Lastly, the formula chassis included glycols and glycerin, to address the skin hydration and skin barrier component (25). The formula type chosen was a leave-on gel serum, with a non-greasy texture, thus it could be applied any time of the day without weighing down the hair. To allow a seamless application directly on the scalp, the selected packaging was a cannula tube for this formula. The full ingredient list is disclosed in table 1.

Table 1. Ingredients list of the scalp serum.

Study panel

22 female volunteers aged 26–72 years old (mean age = 51.0, SD = 5.7) were recruited from Lisbon area in Portugal for this open study. All procedures involved in the study were explained in detail and written informed consent was obtained from all volunteers. Enrolment was definite when volunteers met all inclusion and exclusion criteria. Main inclusion criteria notably included: self-reported sensitive scalp skin, experiencing regular scalp skin discomfort, scalp redness and irritations. Following 15 min acclimatisation under controlled temperature and humidity (21 °C ± 2 °C, relative humidity 55% ± 10%), volunteers went through a set of measurements at baseline, immediately, 30 min, 6 hours, 24 hours after a single product application. Another set of measurements was performed 21 days later, following repeated use of the product where volunteers applied the scalp serum at least three times a week. Volunteers were prohibited from using moisturizing products or serum on their scalp, while maintaining their usual hygiene habits. The study was conducted under Good Clinical Practice (GCP) and in conformance with the most recent recommendations of the World Medical Association (Declaration of Helsinki 1964, amended in Fortaleza, Brazil, 2013).


Measurements

Biophysical parameters such as superficial levels of hydration were collected using capacitance measurements from the Corneometer CM825 (CK Electronic GmbH, Cologne, Germany), while transepidermal water loss (TEWL) was collected with the Tewameter® TM Nano (CK Electronic GmbH, Cologne, Germany) as a skin barrier indicator. This miniaturised version of the Tewameter® , with a diameter of only 2 mm, is particularly suited to measure testing sites covered with hair, such as the scalp. For these two measurements, a control site free of product application and adjacent to the scalp was used for comparison versus the treated area. An initial statistical comparison between the control site and the site to be treated was performed to ensure there were no significant differences and thus guarantee consistency between these two sites. Skin itching was assessed by the volunteers using a Visual Analogical Scale ranging from 0 to 10. Skin redness was scored by a dermatologist using a 9-point severity scale. Illustrative images of the scalp were captured by the mean of a Trichoscan HD® (DermoScan, Regensburg, Germany). Product tolerance and soothing properties were assessed by the dermatologist (physical signs, e.g., erythema, desquamation) and the subject (functional signs, e.g., itching sensation, burning). Lastly, volunteers answered a self-assessment questionnaire with statements about the product efficacy and the following options to answer: Totally agree, agree; disagree; totally disagree. Timings of measurements are outlined on figure 1.

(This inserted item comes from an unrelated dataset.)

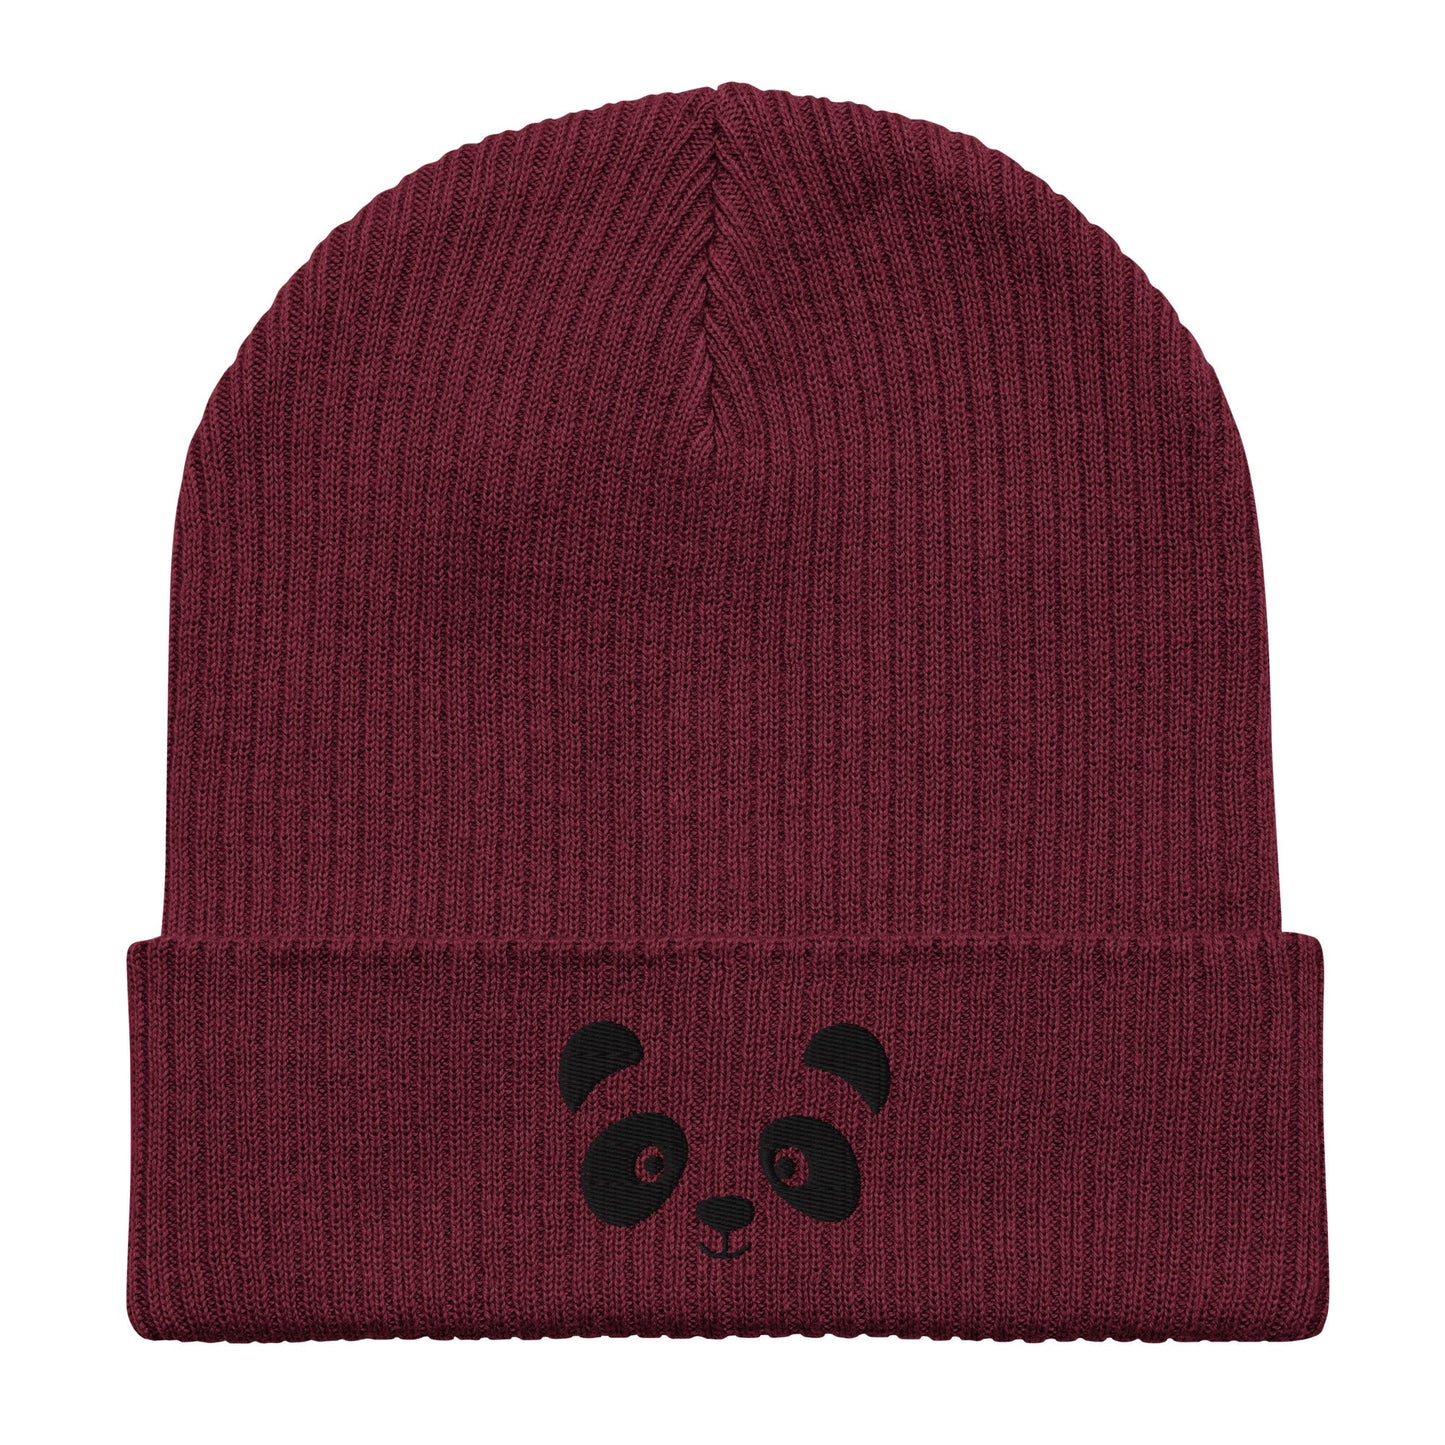 Panda face black embroidered, organic cotton ribbed beanie-36

Figure 1. Timings of the measurements.

Statistics

For all the continuous variables evaluated, a distribution confirmation was performed using Kolmogorov-Smirnov and Shapiro-Wilk normality tests. Since departure for normality was observed on continuous variables, baseline comparisons and comparisons versus the control site were performed with the Wilcoxon Ranks Signs Test for both continuous and ordinal variables.

RESULTS AND DISCUSSION

Clinical efficacy

With regards to clinical efficacy, Figure 2 depicts mean values of skin hydration, and associated percentage improvements versus the control area, following a single application of the serum. Skin capacitance was significantly increased in the treated area versus control by 72.1% ± 47.8 (mean ± SD) after 30 min, by 55.0% ± 40.7 (mean ± SD) after 6 hours and by 30.7% ± 30.7 (mean ± SD) after 24 hours.

Figure 2. Skin hydration variation 30 min, 6 hours and 24 hours after a single application of the serum. Bar Plots describe mean ± SD. Asterisks signal a significant difference versus control as follows: * P < .05 (Wilcoxon Ranks Signs Test).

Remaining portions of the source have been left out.